# TASK OBJECTIVE
Retype, exactly and only, each line from the one containing "Bear Grylls Quote" to the end of the records below.

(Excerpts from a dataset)
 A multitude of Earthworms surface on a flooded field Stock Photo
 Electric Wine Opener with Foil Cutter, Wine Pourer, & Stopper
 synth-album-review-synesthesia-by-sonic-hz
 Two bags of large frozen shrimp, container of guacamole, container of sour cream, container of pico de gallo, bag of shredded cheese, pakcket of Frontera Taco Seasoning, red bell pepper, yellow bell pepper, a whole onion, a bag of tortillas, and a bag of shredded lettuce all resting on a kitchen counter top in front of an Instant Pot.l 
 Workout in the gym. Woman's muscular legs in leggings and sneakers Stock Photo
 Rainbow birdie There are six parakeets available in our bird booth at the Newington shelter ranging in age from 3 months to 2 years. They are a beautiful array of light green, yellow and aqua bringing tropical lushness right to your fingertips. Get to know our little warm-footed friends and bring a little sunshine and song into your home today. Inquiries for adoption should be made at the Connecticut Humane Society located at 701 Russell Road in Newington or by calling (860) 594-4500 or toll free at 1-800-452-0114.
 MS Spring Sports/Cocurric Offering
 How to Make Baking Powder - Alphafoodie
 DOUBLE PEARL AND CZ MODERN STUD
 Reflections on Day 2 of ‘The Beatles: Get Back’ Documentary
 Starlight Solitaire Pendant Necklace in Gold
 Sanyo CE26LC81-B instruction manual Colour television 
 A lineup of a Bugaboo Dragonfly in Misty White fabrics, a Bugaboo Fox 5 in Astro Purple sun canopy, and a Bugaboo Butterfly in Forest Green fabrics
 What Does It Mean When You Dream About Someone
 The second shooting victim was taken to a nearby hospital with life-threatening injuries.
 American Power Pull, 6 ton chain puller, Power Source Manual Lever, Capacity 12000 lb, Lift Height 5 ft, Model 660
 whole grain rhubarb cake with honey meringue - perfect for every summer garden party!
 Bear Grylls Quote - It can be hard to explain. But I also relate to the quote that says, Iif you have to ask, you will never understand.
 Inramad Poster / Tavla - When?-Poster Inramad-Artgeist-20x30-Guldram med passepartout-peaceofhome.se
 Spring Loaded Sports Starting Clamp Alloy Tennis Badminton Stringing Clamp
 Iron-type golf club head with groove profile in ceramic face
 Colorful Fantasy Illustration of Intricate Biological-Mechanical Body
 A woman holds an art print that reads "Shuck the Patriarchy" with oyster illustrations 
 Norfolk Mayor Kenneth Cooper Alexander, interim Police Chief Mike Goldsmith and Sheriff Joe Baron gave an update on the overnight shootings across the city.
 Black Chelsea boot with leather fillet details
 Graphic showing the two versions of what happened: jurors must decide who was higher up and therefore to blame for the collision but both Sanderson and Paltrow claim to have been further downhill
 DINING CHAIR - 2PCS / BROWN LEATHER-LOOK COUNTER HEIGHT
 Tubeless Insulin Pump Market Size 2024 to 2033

# SOLUTION
 Bear Grylls Quote - It can be hard to explain. But I also relate to the quote that says, Iif you have to ask, you will never understand.
 Inramad Poster / Tavla - When?-Poster Inramad-Artgeist-20x30-Guldram med passepartout-peaceofhome.se
 Spring Loaded Sports Starting Clamp Alloy Tennis Badminton Stringing Clamp
 Iron-type golf club head with groove profile in ceramic face
 Colorful Fantasy Illustration of Intricate Biological-Mechanical Body
 A woman holds an art print that reads "Shuck the Patriarchy" with oyster illustrations 
 Norfolk Mayor Kenneth Cooper Alexander, interim Police Chief Mike Goldsmith and Sheriff Joe Baron gave an update on the overnight shootings across the city.
 Black Chelsea boot with leather fillet details
 Graphic showing the two versions of what happened: jurors must decide who was higher up and therefore to blame for the collision but both Sanderson and Paltrow claim to have been further downhill
 DINING CHAIR - 2PCS / BROWN LEATHER-LOOK COUNTER HEIGHT
 Tubeless Insulin Pump Market Size 2024 to 2033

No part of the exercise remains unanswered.